I'd like to have that sort of reference in the code itself (spelling
out the revision on the ARM ARM this is taken from, as this section is
in D8.14.2 in DDI0487J.a). I'd also like it to point out that this
only applies when the *output addresses* are the same.

> 
> Because a compare-and-exchange operation was used in the break phase
> to serialize access to the PTE, an analogous compare-and-exchange is
> introduced in the make phase to ensure serialization remains even if
> the break phase is skipped and proper handling is introduced to
> account for this function now having a way to fail.
> 
> Considering the possibility that the new pte has different permissions
> than the old pte, the minimum necessary tlb invalidations are used.
> 
> Signed-off-by: Colton Lewis <coltonlewis@google.com>
> ---
>  arch/arm64/kvm/hyp/pgtable.c | 58 +++++++++++++++++++++++++++++++-----
>  1 file changed, 51 insertions(+), 7 deletions(-)
> 
> diff --git a/arch/arm64/kvm/hyp/pgtable.c b/arch/arm64/kvm/hyp/pgtable.c
> index 8acab89080af9..6778e3df697f7 100644
> --- a/arch/arm64/kvm/hyp/pgtable.c
> +++ b/arch/arm64/kvm/hyp/pgtable.c
> @@ -643,6 +643,11 @@ static bool stage2_has_fwb(struct kvm_pgtable *pgt)
>  	return !(pgt->flags & KVM_PGTABLE_S2_NOFWB);
>  }
> 
> +static bool stage2_has_bbm_level2(void)
> +{
> +	return cpus_have_const_cap(ARM64_HAS_STAGE2_BBM2);

By the time we look at unmapping things from S2, the capabilities
should be finalised, so this should read cpus_have_final_cap()
instead.

> +}
> +
>  #define KVM_S2_MEMATTR(pgt, attr) PAGE_S2_MEMATTR(attr, stage2_has_fwb(pgt))
> 
>  static int stage2_set_prot_attr(struct kvm_pgtable *pgt, enum kvm_pgtable_prot prot,
> @@ -730,7 +735,7 @@ static bool stage2_try_set_pte(const struct kvm_pgtable_visit_ctx *ctx, kvm_pte_
>   * @ctx: context of the visited pte.
>   * @mmu: stage-2 mmu
>   *
> - * Returns: true if the pte was successfully broken.
> + * Returns: true if the pte was successfully broken or there is no need.

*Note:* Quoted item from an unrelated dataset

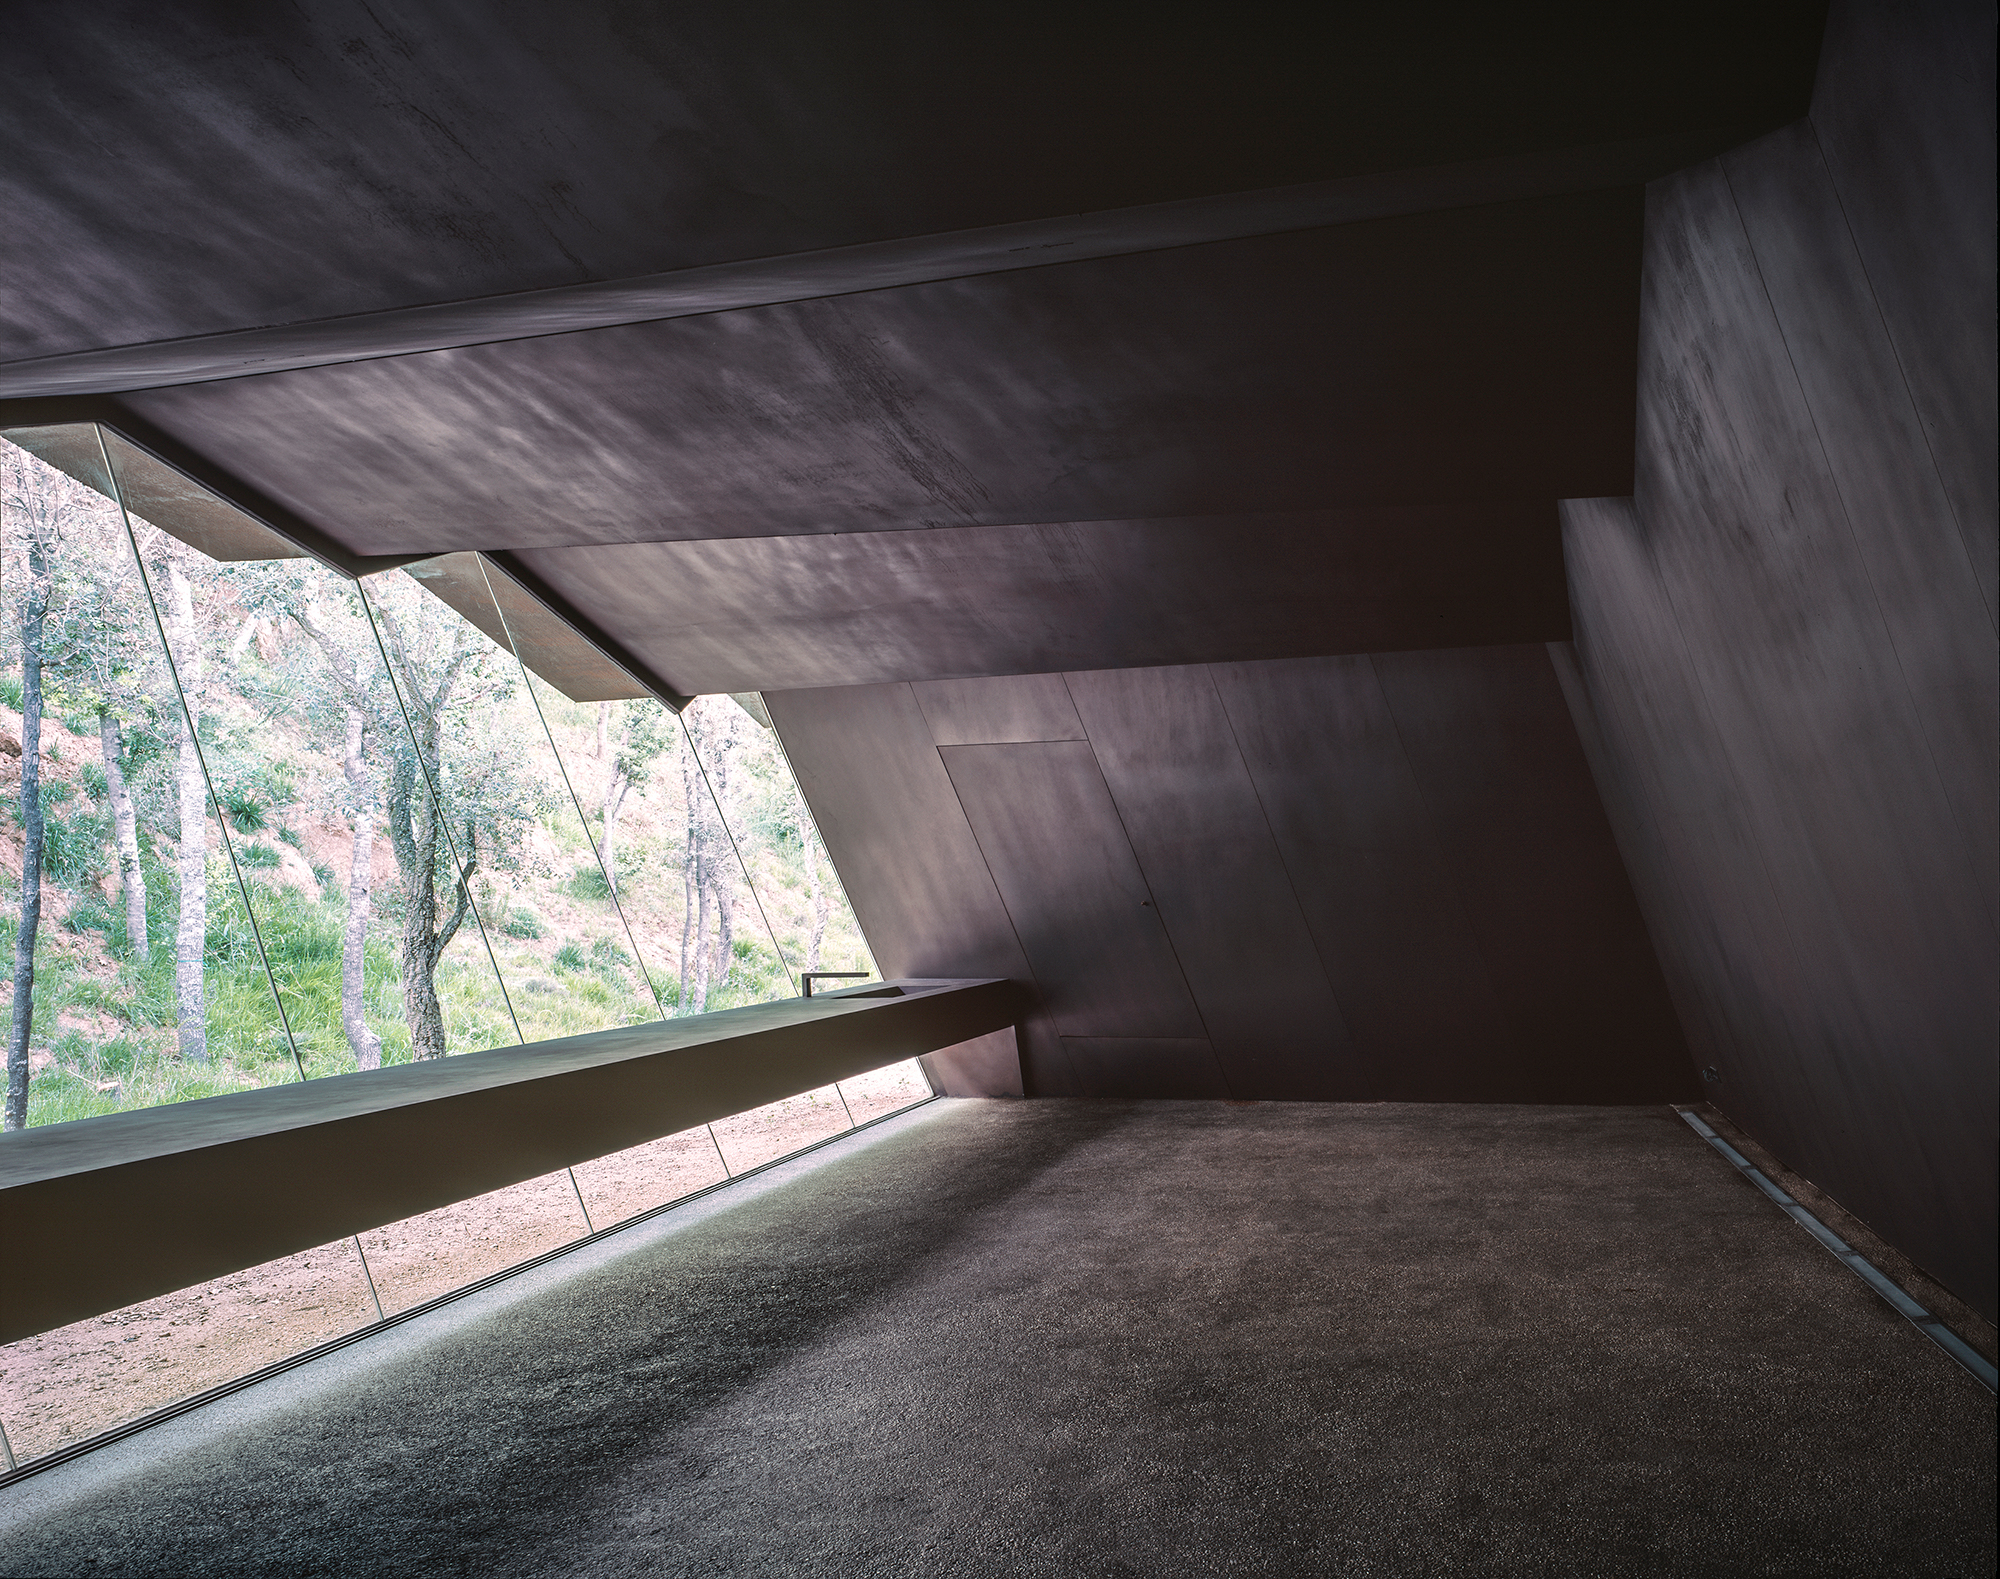 Bell-Lloc winery designed by RCR Arquitectes in Palamó, Spain.

No need of what? Why? The rationale should be captured in the comments
below.

>   *
>   * If the removed pte was valid, performs the necessary serialization and TLB
>   * invalidation for the old value. For counted ptes, drops the reference count
> @@ -750,6 +755,10 @@ static bool stage2_try_break_pte(const struct kvm_pgtable_visit_ctx *ctx,
>  		return false;
>  	}
> 
> +	/* There is no need to break the pte. */
> +	if (stage2_has_bbm_level2())
> +		return true;
> +
>  	if (!stage2_try_set_pte(ctx, KVM_INVALID_PTE_LOCKED))
>  		return false;
> 
> @@ -771,16 +780,45 @@ static bool stage2_try_break_pte(const struct kvm_pgtable_visit_ctx *ctx,
>  	return true;
>  }
> 
> -static void stage2_make_pte(const struct kvm_pgtable_visit_ctx *ctx, kvm_pte_t new)
> +static bool stage2_pte_perms_equal(kvm_pte_t p1, kvm_pte_t p2)
> +{
> +	u64 perms1 = p1 & KVM_PGTABLE_PROT_RWX;
> +	u64 perms2 = p2 & KVM_PGTABLE_PROT_RWX;

Huh? The KVM_PGTABLE_PROT_* constants are part of an *enum*, and do
*not* represent the bit layout of the PTE.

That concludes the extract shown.